# 6.0L Towing Capacity. Maybe A 2003ish.



## DeereFarmer (Dec 12, 2005)

I'm thinkin about getting a different truck just because I get bored with my trucks after a year or so. I know, it's an addiction! Anyway, I really want a diesel because it's a diesel and just to have the added power for towing, but I want to consider all my option first. I tow about 10K lbs. or less two times a month just 5 miles around town. Other than that it I'll tow the usual two horse trailer that might top out around 7K lbs. at the most. That's usually around town too. I really like the looks of the older Chevys. We have a rack body at work with the 6.0 and it seems to be a great engine. What is the towing capacity for an older 6.0 like maybe a 2002-2005? Thanks.


----------



## turbo5560 (Apr 6, 2007)

i have an 02 with the 6.0 in it and it hauls like a dream. I pull my 12,000 lb dump trailer full all the time and still have plenty of power, enough to even pass stupid drivers. I have driven an 03 duramax and while that thing could pull a house my 02 isn't far behind that. I don't know what it is actually rated at, i just know what it will really pull  I think it's rated at like 9,000 or so.


----------



## musclecarboy (Aug 19, 2007)

From what I've read and other people telling me about their trucks, diesels have a towing capacity of almost unlimited. If you're towing what you say you're towing, a diesel might not be necessary. And the added cost of a diesel might not be worth it. 6.0 gasser will fill your needs.


----------



## 06 1500HD (Aug 15, 2007)

My 06 1500HD 6.0 is rated for 10,200lbs i think. I've had a good 8500 behind the truck and it did fine.


----------



## Chevyguy04 (Jul 13, 2007)

2500hd 6.0L are rated at 10,000 towing cap, I have pushed mine way past without a problem.


----------



## DeereFarmer (Dec 12, 2005)

Thanks guys!!!! I think this may be the engine and truck for me. I reall want a diesel just because it is a diesel. More of a my engine is bigger than yours than anything. My friends say it is to make up for what I lack in other "places". Now I have to find a good used 2500HD that is red and a signle cab 8 foot bed. OK, I have to ask this question: does the 6.0 sounds good with an aftermarket exhaust on it? If I have a V8 it has to be loud. I know, I know. It's sad.


----------



## ABES (Jun 10, 2007)

at work i used to drive a 2003 chevy 2500hd with the 6L its my overall favorite truck we have at work ( a lot bettter than the 2003 F-350 i am always stuck driving). the ride is much better in the chevy and it has more power than fords 5.4L and the interior is waaaay better and more comfortable too. as for towing we tow a 24 foot enclosed trailer with 4 mowers and it pulls it fine 5 days a week.


----------



## B&B (Nov 4, 2006)

First Time Out;399576 said:


> I'm thinkin about getting a different truck just because I get bored with my trucks after a year or so. I know, it's an addiction! Anyway, I really want a diesel because it's a diesel and just to have the added power for towing, but I want to consider all my option first. I tow about 10K lbs. or less two times a month just 5 miles around town. Other than that it I'll tow the usual two horse trailer that might top out around 7K lbs. at the most. That's usually around town too. I really like the looks of the older Chevys. We have a rack body at work with the 6.0 and it seems to be a great engine. What is the towing capacity for an older 6.0 like maybe a 2002-2005? Thanks.
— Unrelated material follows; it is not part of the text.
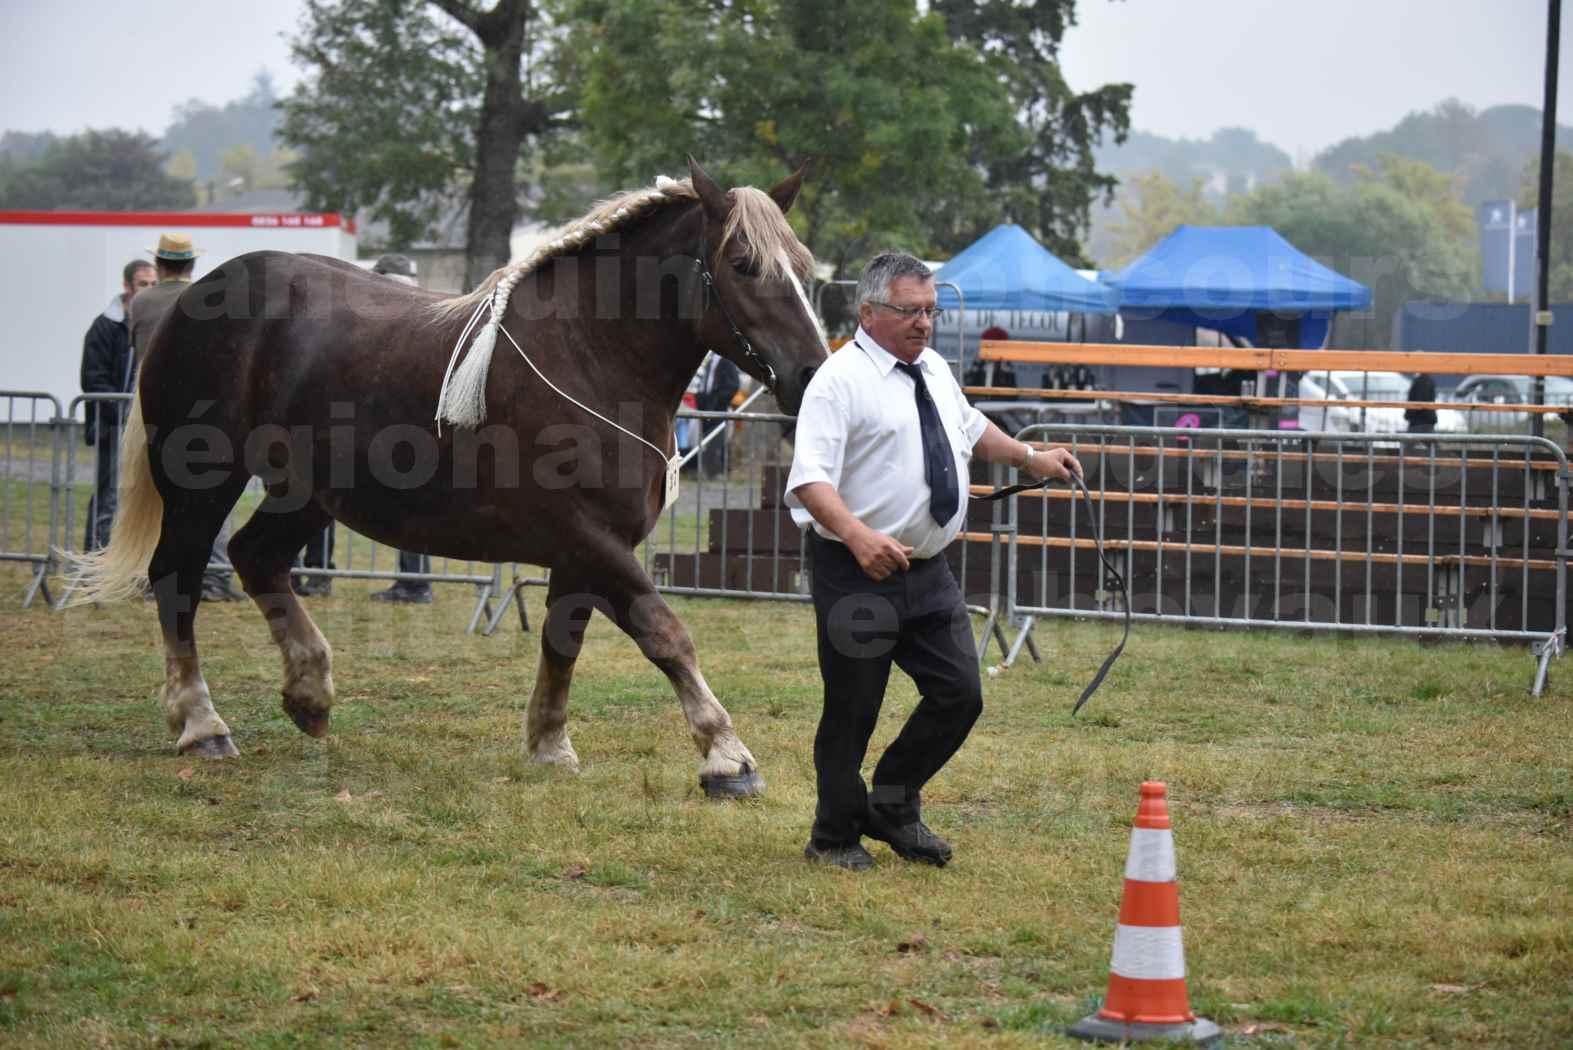 Concours Régional de chevaux de traits en 2017 - Trait BRETON - ELENNE DE TOU FOLL - 23
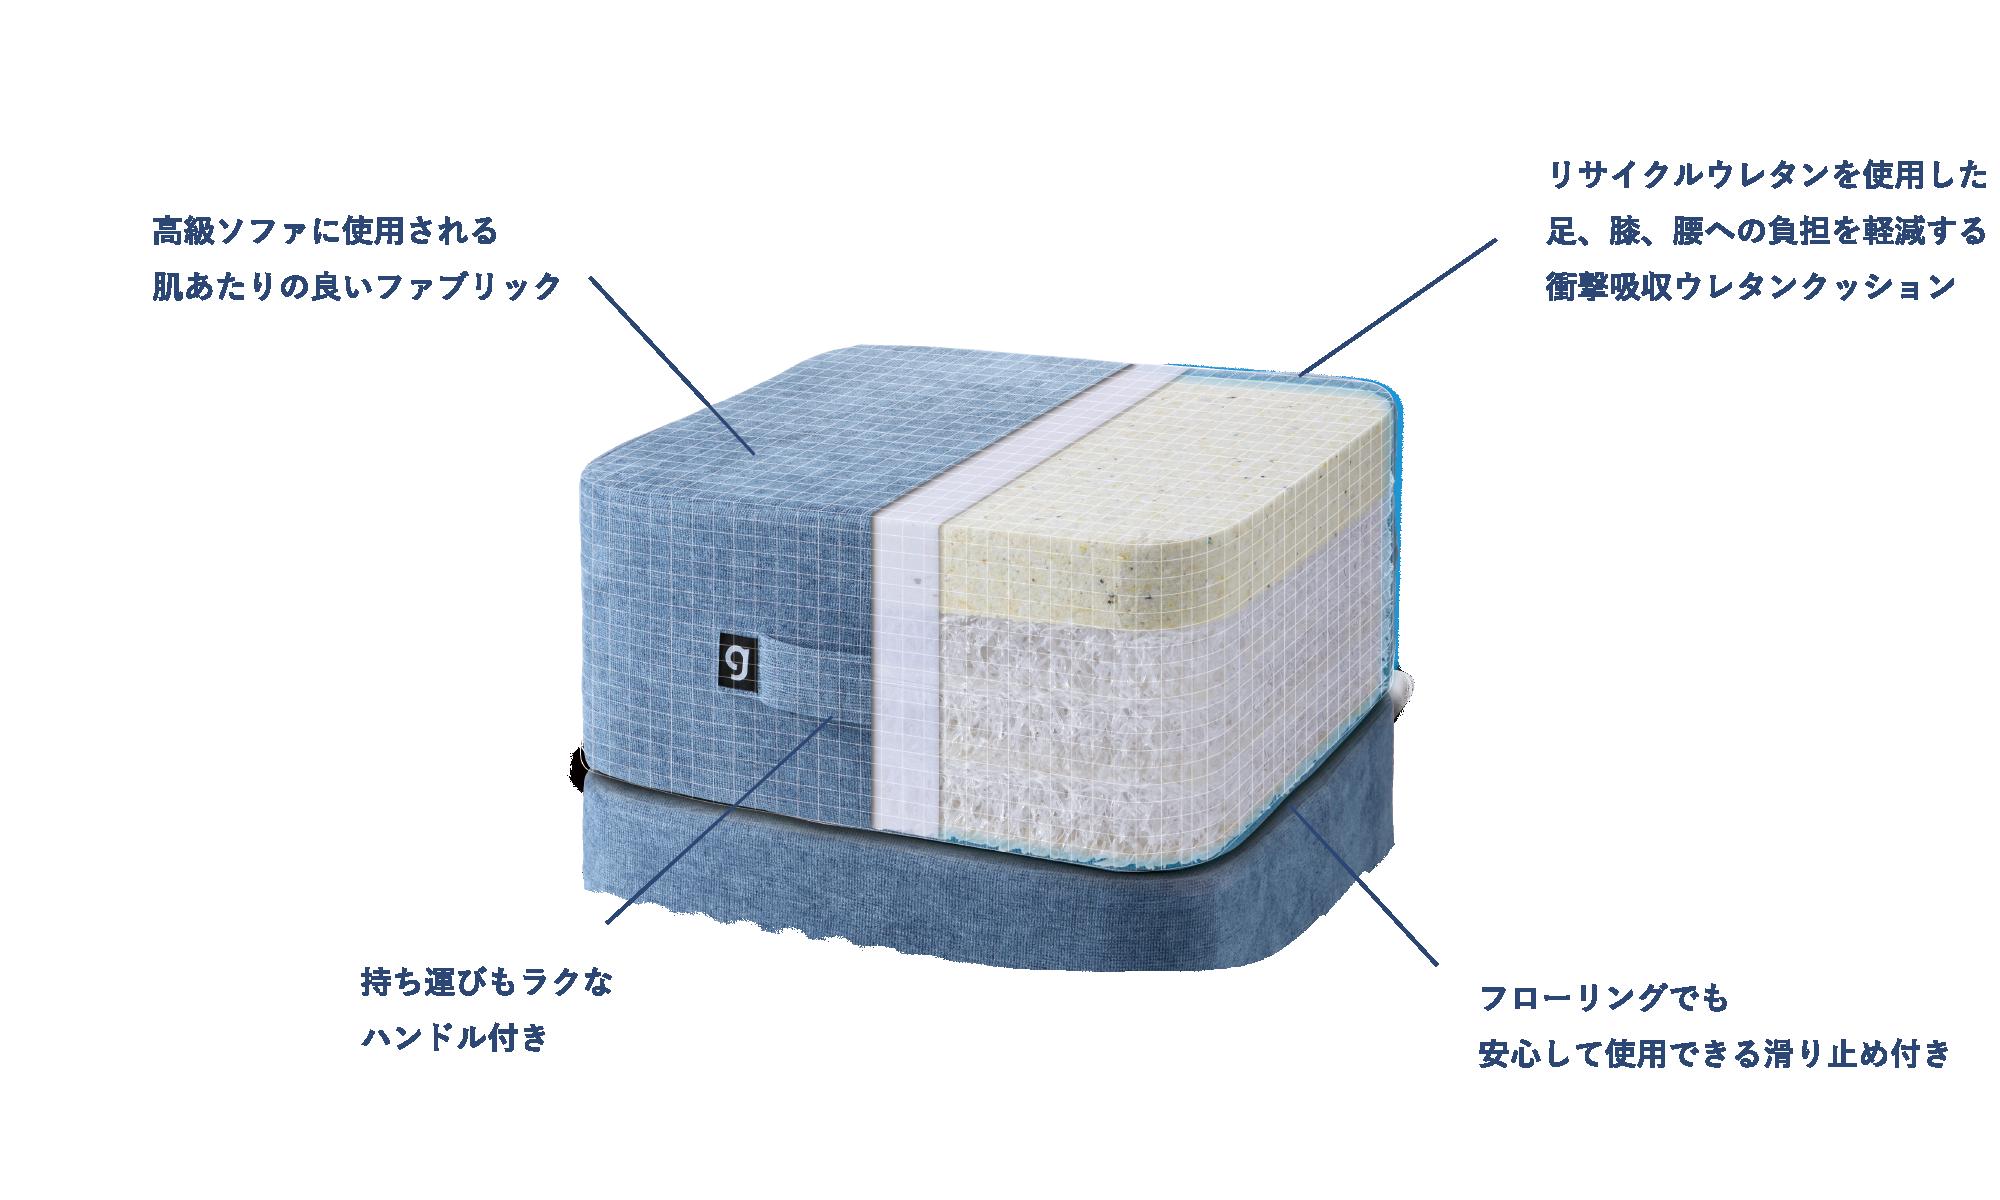 シェイプキューブ素材と性能

The 6.0 would serve your purpose's well. The 6.0 equipped 01-06 HD's are rated to tow between 9700-10,300lbs depending on the gear ratio and the cab configuration. A Duramax or 8.1 equipped truck is rated to tow 12,000. I can tell you though, they'll tow considerably more than they're rated for.....


----------



## B&B (Nov 4, 2006)

First Time Out;399691 said:


> OK, I have to ask this question: does the 6.0 sounds good with an aftermarket exhaust on it? If I have a V8 it has to be loud. I know, I know. It's sad.


 The 6.0's sound great with Flowmaster's "American thunder" series cat back.


----------



## Sydenstricker Landscaping (Dec 17, 2006)

Good luck finding a flowmaster system to fit your truck. I cant find one anywhere that is dual outlet. I know Gibson makes a real nice one.


----------



## Yaz (Apr 13, 2005)

Any custom shop that stocks Flowmaster will get you a Flowmaster single inlet -dual outlet muffler after the cat. I use Lou's custom Exhaust, they are all around the area. They custom bend all the systems and will do side exit or strait back systems with some nice stainless tips. You will not be disappointed with the sound of a 6.0 Gas.


----------



## DeereFarmer (Dec 12, 2005)

Thanks again. I know Lous very well. Pretty much the best exhaust shop in the world. I've brought them all my trucks (except the V10), my race cars, and every friend I can find to go there. Never had a complaint. A little pricey but worth every penny. Fun guys to hangout with too!


----------



## Sydenstricker Landscaping (Dec 17, 2006)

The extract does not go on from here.